Филлис шмыгнула и бросила последний пока что взгляд на свою бывшую резиденцию, а потом они продолжили путь. Следующая дверь справа от них и слева от номера 3 принадлежала лавке сладостей Райта, с осадистым эркером, где за маленькими толстыми квадратиками близорукого стекла выше по холму, сразу вслед за дверью с колокольчиком, были разложены товары. В свете того, что этот высший ландшафт был ворохом сонной шелухи, ряд поблескивающих хрусталем банок, казавшихся ожерельем на витрине магазина, был заполнен не настоящими сластями, а грезами о сластях. Лежали там шотландские терьерчики из янтарного ячменного сахара с закрученными туловищами, многие – слипшиеся в грозди по девять штук из-за теплого дня, а в банке с радужным шербетом (из него можно было делать сладкий сироп кали) виднелись дополнительные страты разноцветных порошков – светящихся, в отличие от обычных. Сверху лежал лиловатый слой, который было толком не разглядеть, а на дне банки – розоватый, который тоже не давался глазам, но если попробовать его съесть, то кажется, будто у тебя вареный язык. Только шоколадные радужные конфеты казались вполне обычными – пока она не заметила, что две-три выползали из банки по стенке, и не поняла, что это большие божьи коровки с разноцветной посыпкой на панцирях – розовой, белой и синей. Хотя ползучесть и смутила Филлис, из-за сахара на спинках их по-прежнему так и хотелось уплести. Она не ругала малыша, мешкавшего у лавки, за то, что он слишком долго таращился за стекла витрины, пока Филлис не дернула его за шиворот и не поторопила.

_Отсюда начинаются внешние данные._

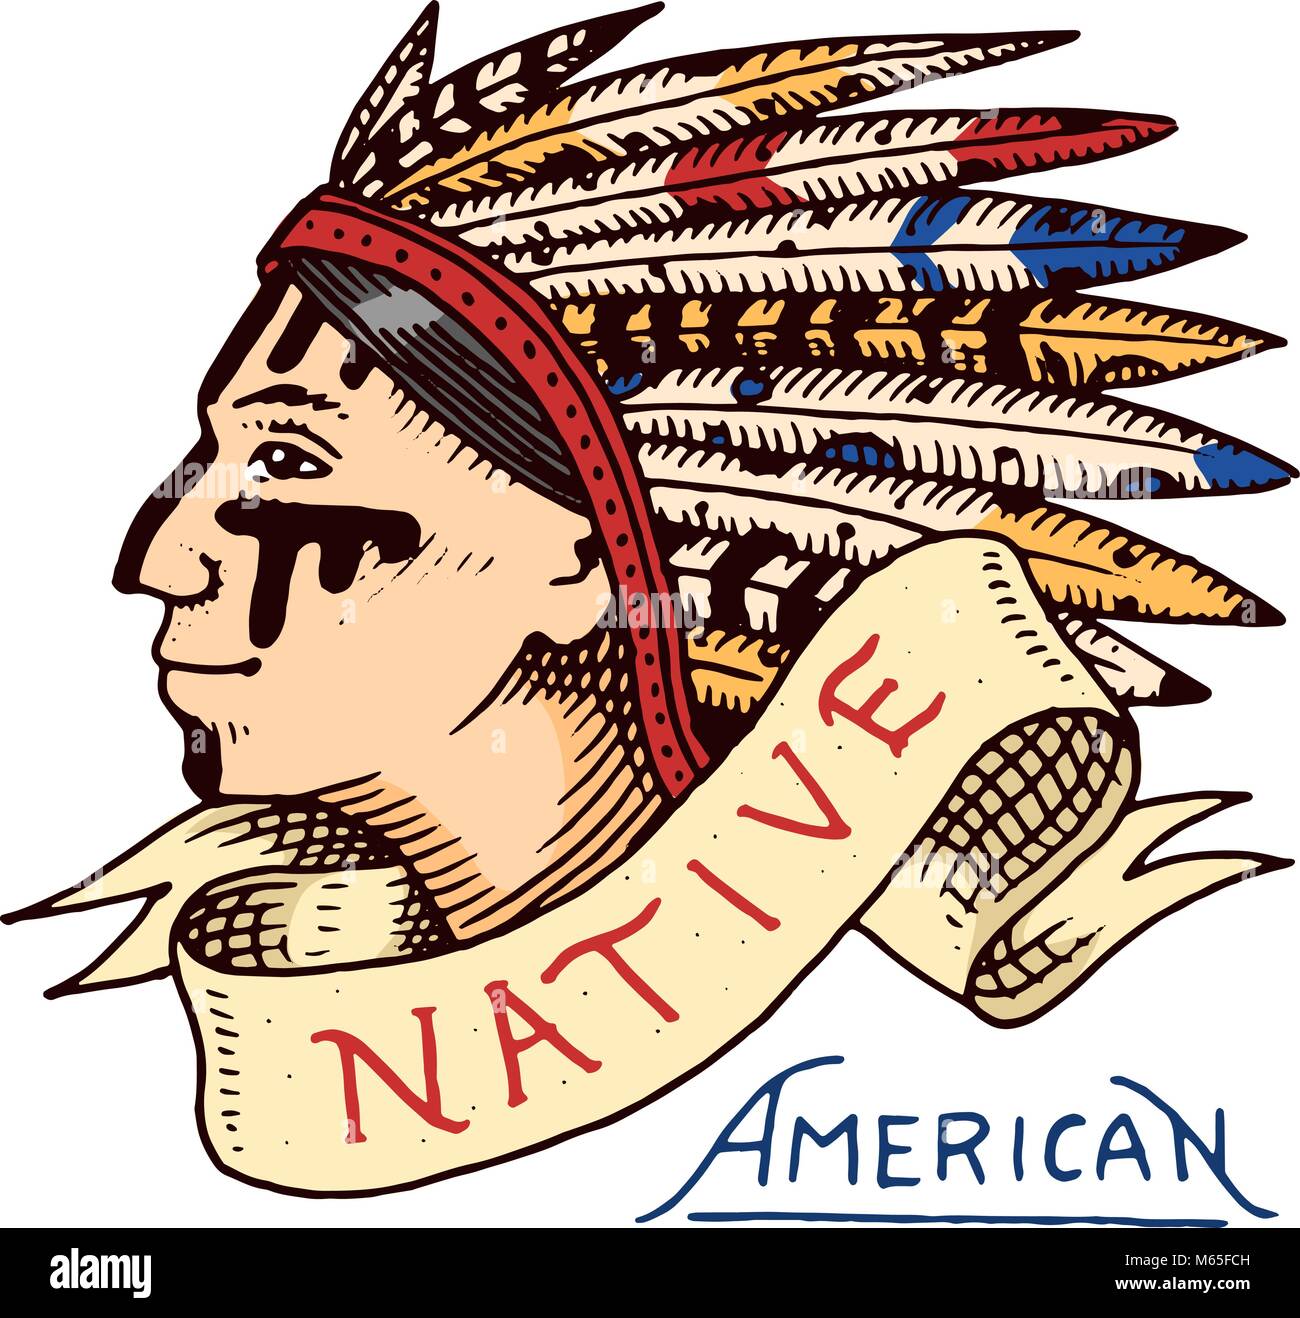 Native American. vieille peau rouge indien. Étiquette et badge. cherokee ou apache, chef traditionnel. gravé à la main dans de vieux croquis. Illustration de Vecteur

Не успели они заметить, как уже стояли на вершине и смотрели обратно на длинную улицу, где только что забирались. Она знала, что в мире живых Ручейный переулок был и не такой длинный, и не такой крутой, но знала и то, что таким его запоминали маленькие дети, которые канючили и висели на пальто матерей, пока те подгоняли их по непростому откосу. Филлис и Майкл, стоя наверху Ручейного переулка, глядели на запад через долину, над воспоминаниями об угольном складе на дороге Святого Андрея – полосатом, словно от лучей низкого солнца. За ним была сортировочная станция вокзала, где призрачные клубы дыма, словно духи ушедших поездов, вились над забытыми мертвыми путями, ведущими в крапивные моря, а еще дальше – зеленая денница парка Виктория, окатившая весь дальний край широкого неба лаймовым румянцем, который так и хотелось выпить досуха. Вдоволь насладившись мягким свечением панорамы мертвого мира, оба повернули налево и последовали за Красавчиком Джоном, Биллом, Марджори и Реджи на Нижнюю Хардингскую улицу.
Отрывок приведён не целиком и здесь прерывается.